**WHAT YOU ARE ASKED TO DO:** For the data below, retype word for word the lines from the one containing "Jacquemus Denim Jeans" through the one containing "Signature Oxford Long"; drop the pictures.

**RECORDS TO USE:**
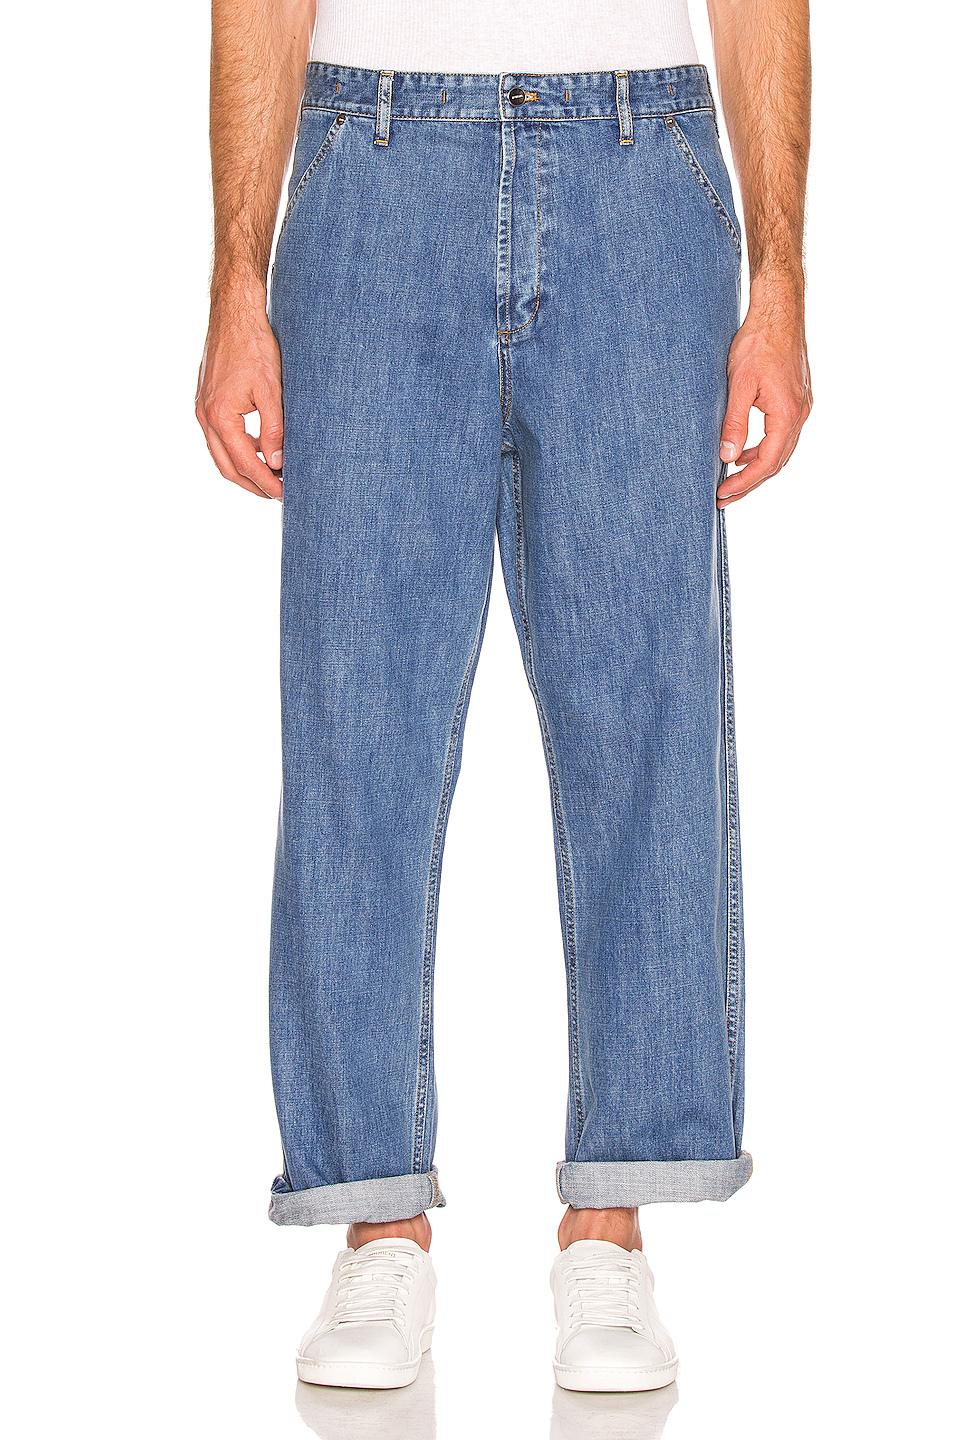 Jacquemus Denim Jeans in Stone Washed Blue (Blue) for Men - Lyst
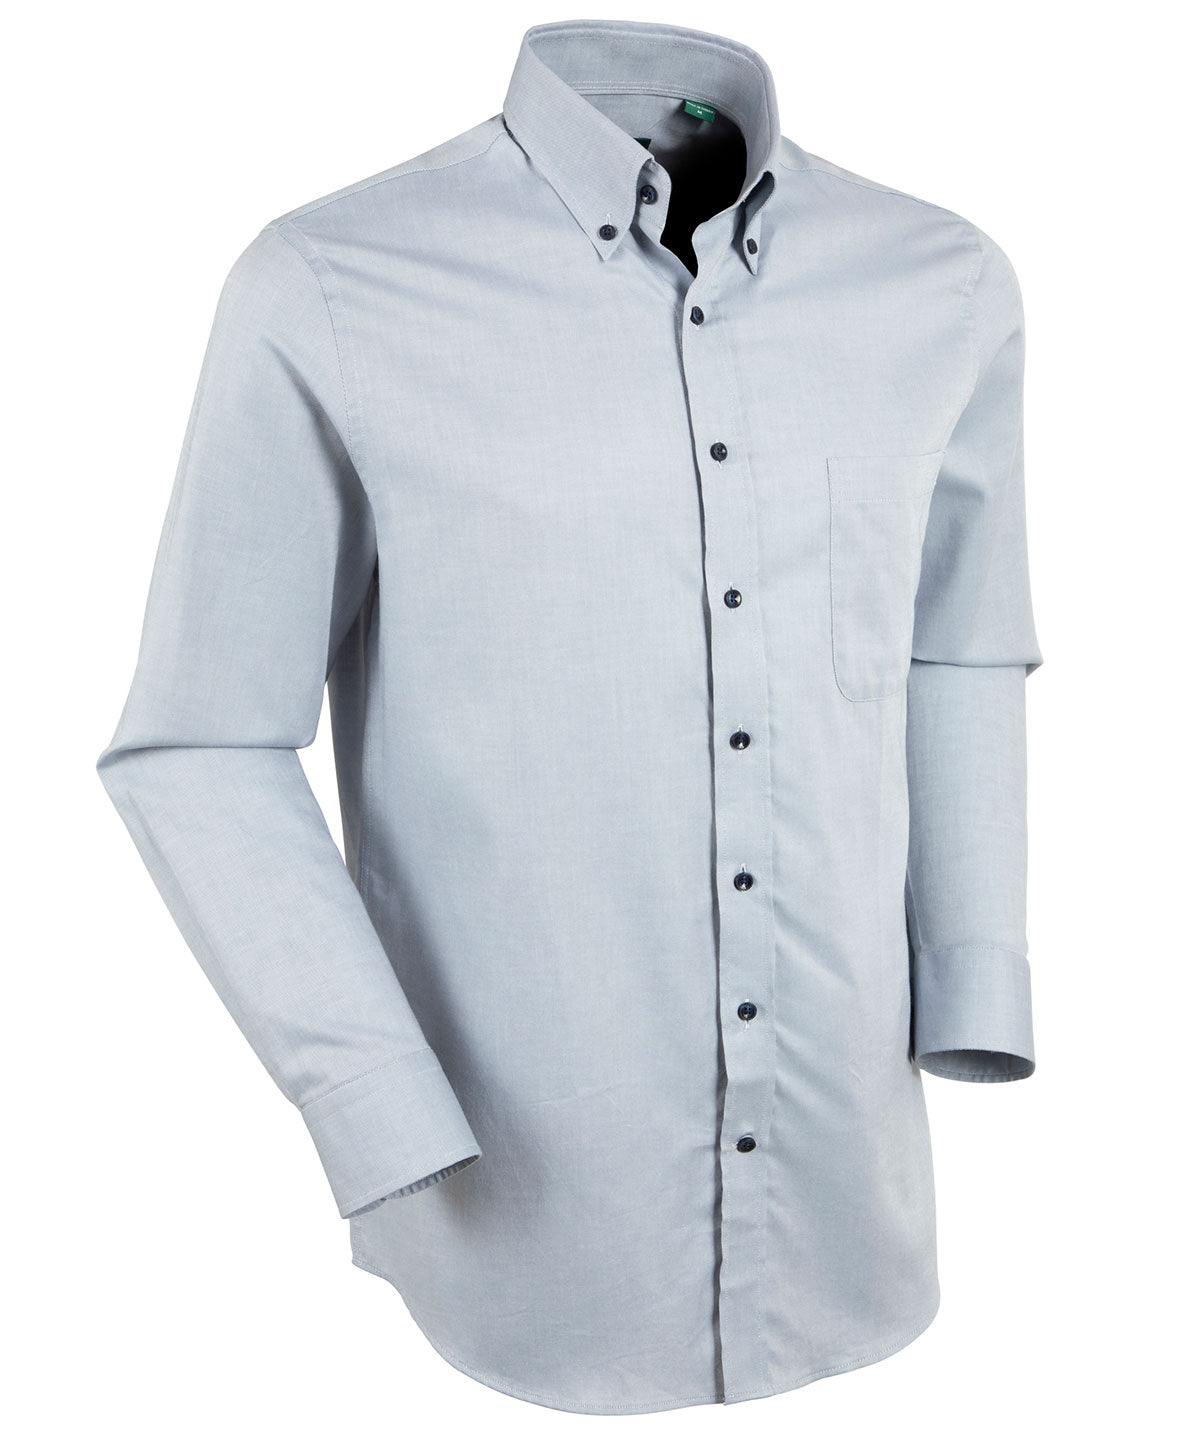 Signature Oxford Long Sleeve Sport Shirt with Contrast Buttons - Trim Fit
--
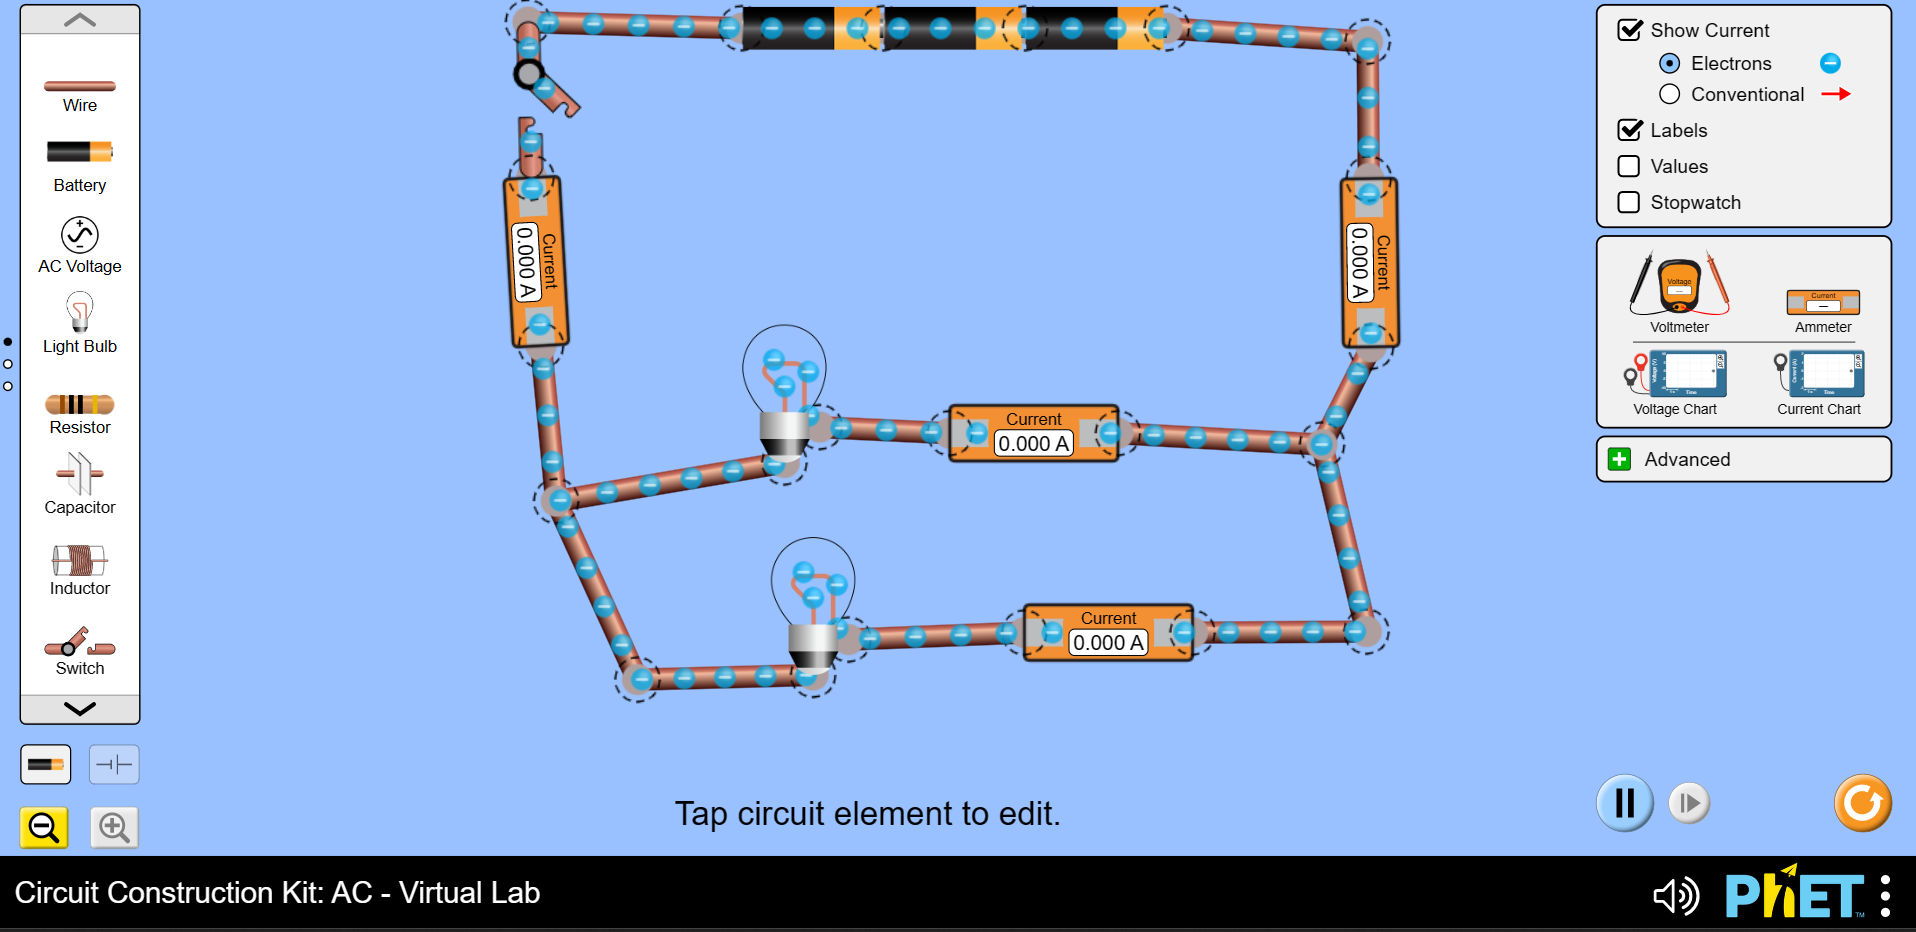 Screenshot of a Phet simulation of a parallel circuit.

**EXERCISE ANSWER:**
 Jacquemus Denim Jeans in Stone Washed Blue (Blue) for Men - Lyst
 Signature Oxford Long Sleeve Sport Shirt with Contrast Buttons - Trim Fit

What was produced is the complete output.